High value products using FSIs include many personal care items and household
cleaning products. Examples include: teeth whitening kits (Colgate Simply White,
Crest Night Effects and Crest WhiteStrips), diabetes care (OneTouch Blood
Glucose Monitoring System), portable air treatment systems (Febreze ScentStories,
Air Wick FreshMatic, Glade Wisp), and disposable toilet cleaning systems (Clorox
Toilet Wand, Scrubbing Bubbles Fresh Brush).

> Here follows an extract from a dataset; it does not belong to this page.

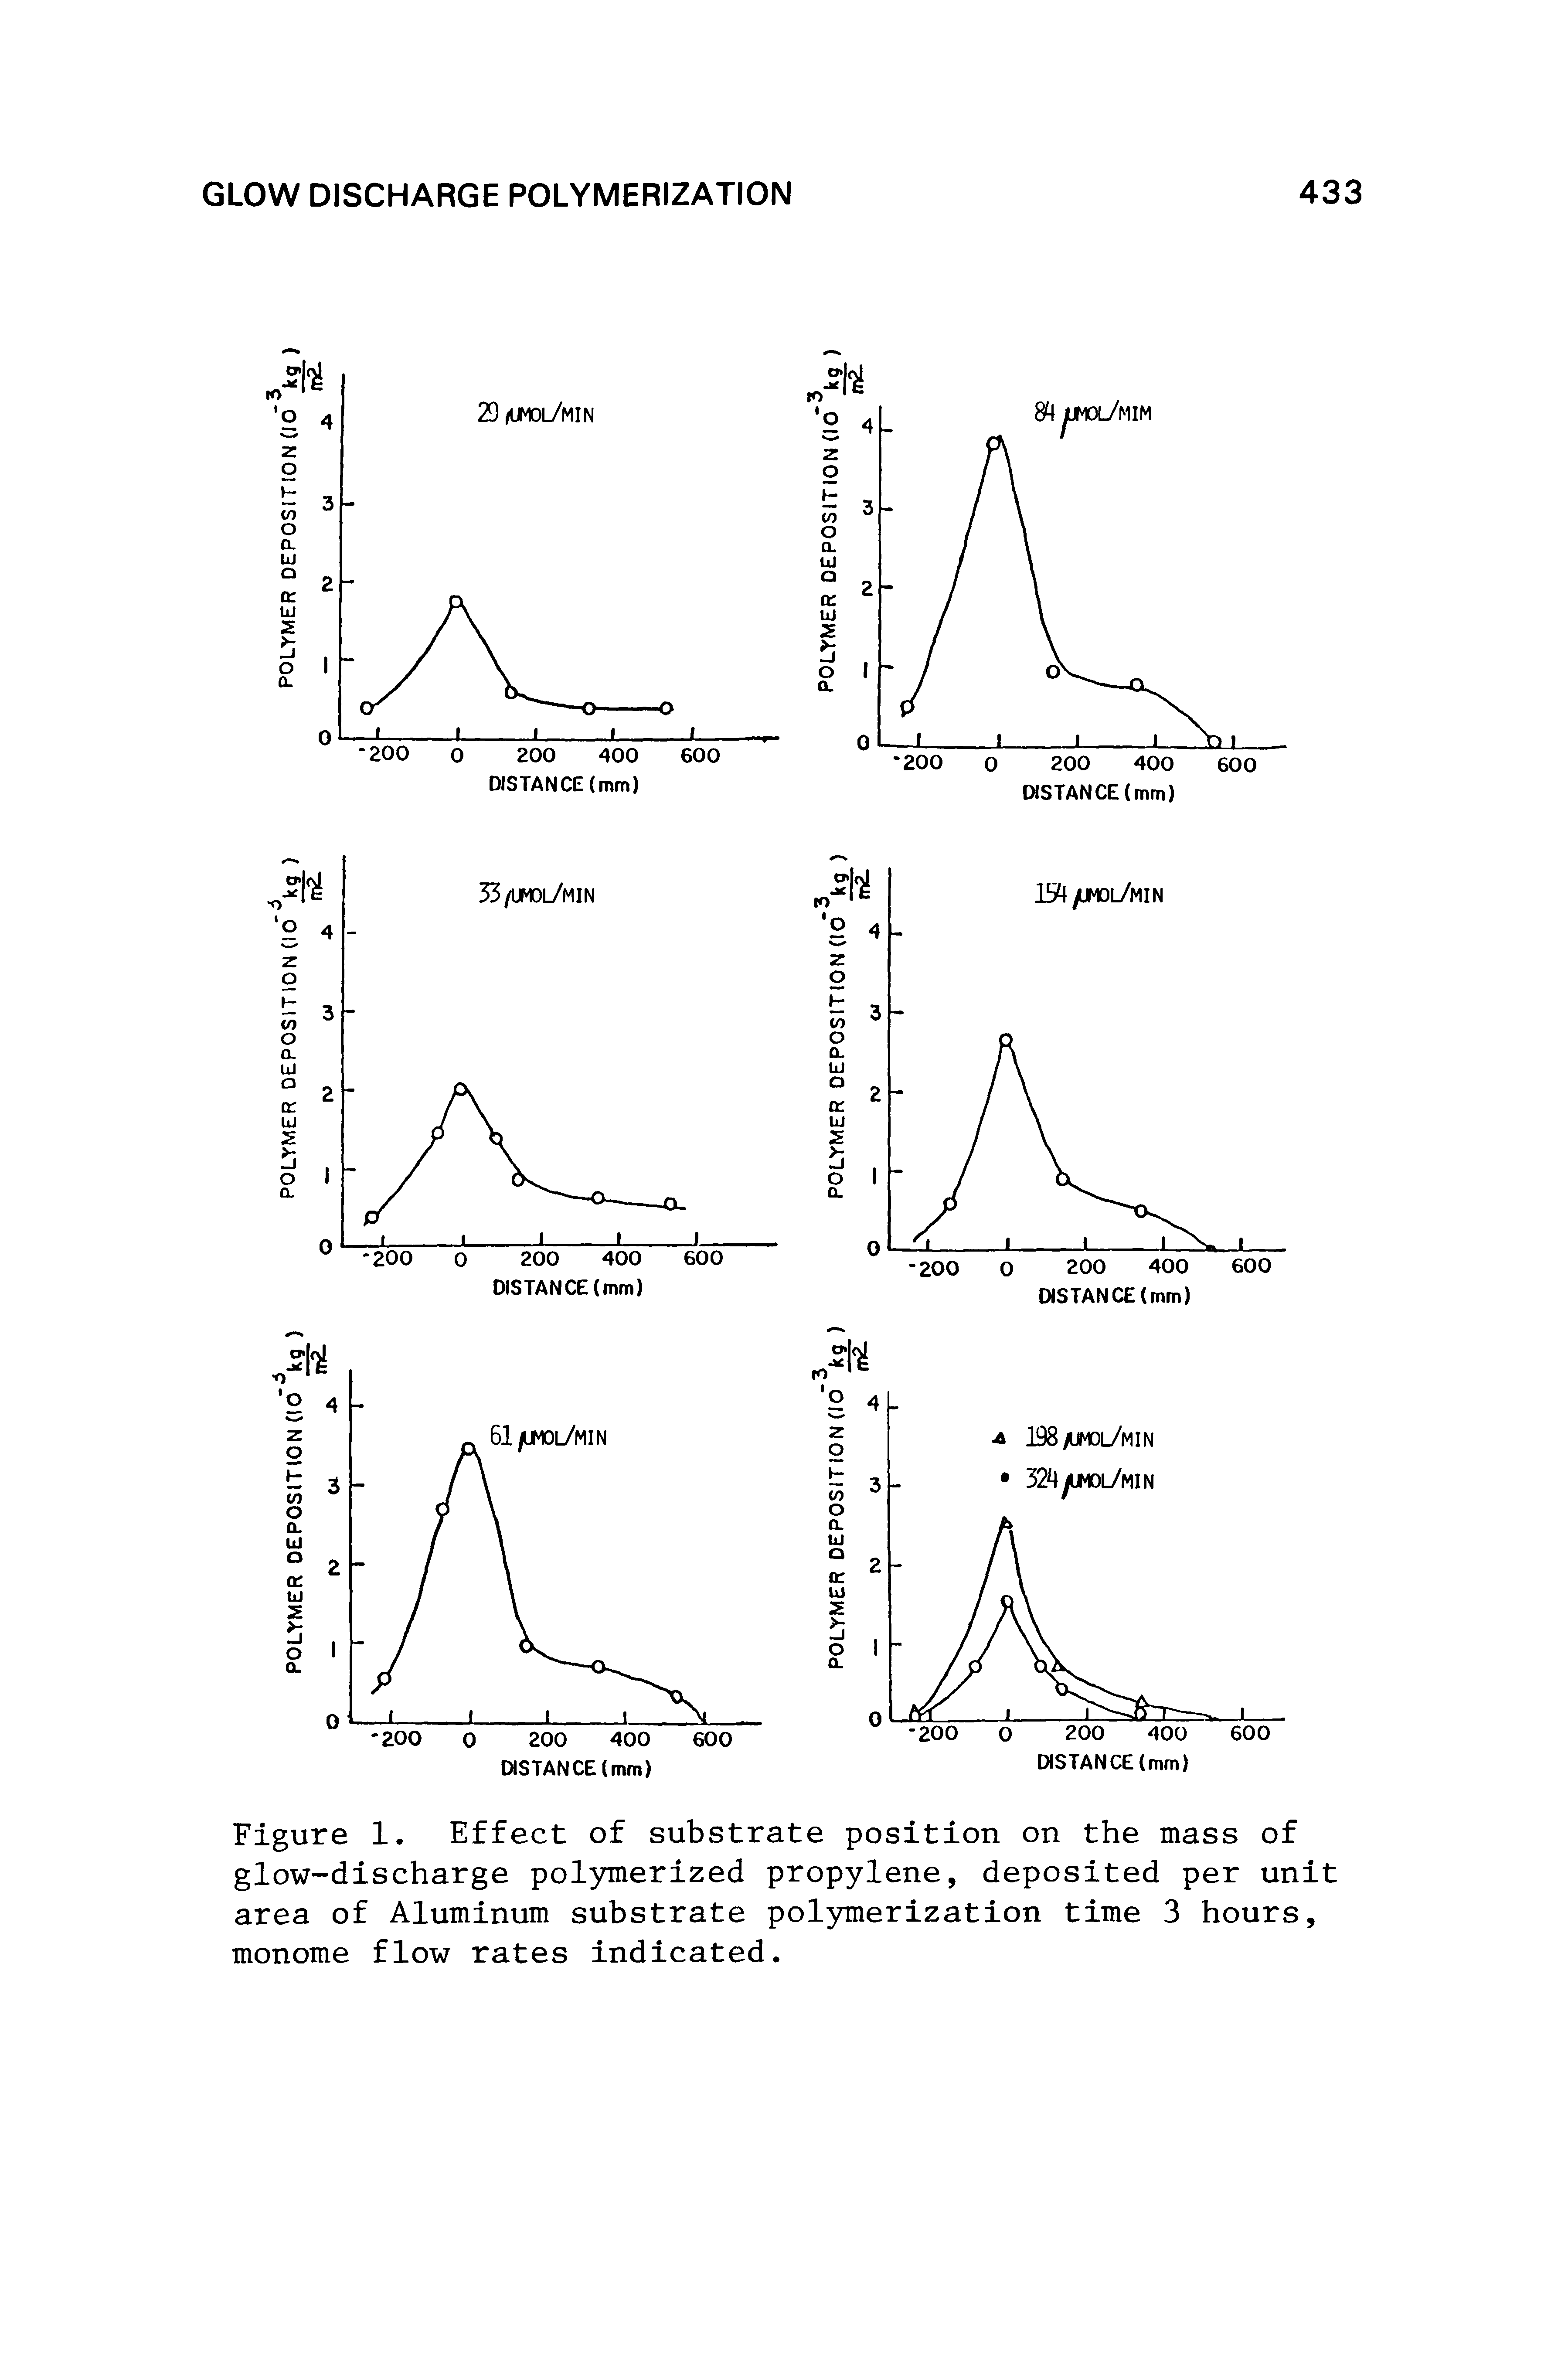 Figure 1. Effect of substrate position on the mass of glow-discharge polymerized propylene, deposited per unit area of Aluminum substrate polymerization time 3 hours, monome flow rates indicated.

In the first half of 2006, average face values of coupons rose 10.9% across all non-food segments, versus same period 2005. The household products category led this trend with a 22% increase to $1.11 driven by expanded activity in support of high-value products. Coupons for non-food items decreased 2.7 percent versus record levels in the first half of 2005. Personal care and household products segments had slight increases in coupon distribution of 0.4 percent and 0.3 percent respectively, while the health care segment had a decrease of 7.9 percent. Average face values of coupons among food categories rose 2.2 percent to $0.82, led by refrigerated foods with an 8.2 percent increase to $0.74. The cereal category posted a 7.1 percent decline to $0.83. Coupons for food items decreased 6.5 percent versus record levels last year, although refrigerated foods had a 3.9 percent increase in coupon circulation.
During the first half of 2006, more than 130 billion coupons were delivered via FSIs in Sunday newspapers. The amount was down 4.2 percent from the same period in 2005, which was the most active six-month period on record for FSI activity. This decrease in coupons corresponds with a 2.2 percent decrease in total pages.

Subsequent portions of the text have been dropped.